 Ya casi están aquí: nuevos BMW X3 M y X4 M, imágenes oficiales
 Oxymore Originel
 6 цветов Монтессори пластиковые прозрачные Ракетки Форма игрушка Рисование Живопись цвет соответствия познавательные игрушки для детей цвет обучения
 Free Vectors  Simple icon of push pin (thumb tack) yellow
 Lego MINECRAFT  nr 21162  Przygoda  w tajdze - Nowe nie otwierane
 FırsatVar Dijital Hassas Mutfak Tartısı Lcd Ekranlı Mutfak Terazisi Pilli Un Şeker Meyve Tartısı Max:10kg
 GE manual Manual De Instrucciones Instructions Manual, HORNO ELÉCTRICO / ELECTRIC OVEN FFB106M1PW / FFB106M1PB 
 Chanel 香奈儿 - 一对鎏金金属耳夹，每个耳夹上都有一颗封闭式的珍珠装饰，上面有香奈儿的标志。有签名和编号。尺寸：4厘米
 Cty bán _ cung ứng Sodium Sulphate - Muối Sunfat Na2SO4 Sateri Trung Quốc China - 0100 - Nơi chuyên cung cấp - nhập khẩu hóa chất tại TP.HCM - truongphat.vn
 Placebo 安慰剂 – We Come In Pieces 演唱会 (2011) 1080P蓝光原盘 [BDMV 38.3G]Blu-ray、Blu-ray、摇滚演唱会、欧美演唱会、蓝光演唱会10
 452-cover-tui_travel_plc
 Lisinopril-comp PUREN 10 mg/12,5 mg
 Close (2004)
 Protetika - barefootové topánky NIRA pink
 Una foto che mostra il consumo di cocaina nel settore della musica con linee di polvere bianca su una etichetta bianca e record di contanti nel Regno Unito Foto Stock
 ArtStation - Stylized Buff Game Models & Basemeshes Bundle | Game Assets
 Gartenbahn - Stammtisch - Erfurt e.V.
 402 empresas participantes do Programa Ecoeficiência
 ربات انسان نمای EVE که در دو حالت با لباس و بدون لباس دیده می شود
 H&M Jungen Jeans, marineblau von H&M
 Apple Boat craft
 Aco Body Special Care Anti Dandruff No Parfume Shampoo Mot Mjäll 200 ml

================================

◆ **Exercise aim**:
Of all the entries above, retype exactly the lines from the line with "6 цветов Монтессори" to the line with "FırsatVar Dijital Hassas", both included, and no others.

◆ **Result**:
 6 цветов Монтессори пластиковые прозрачные Ракетки Форма игрушка Рисование Живопись цвет соответствия познавательные игрушки для детей цвет обучения
 Free Vectors  Simple icon of push pin (thumb tack) yellow
 Lego MINECRAFT  nr 21162  Przygoda  w tajdze - Nowe nie otwierane
 FırsatVar Dijital Hassas Mutfak Tartısı Lcd Ekranlı Mutfak Terazisi Pilli Un Şeker Meyve Tartısı Max:10kg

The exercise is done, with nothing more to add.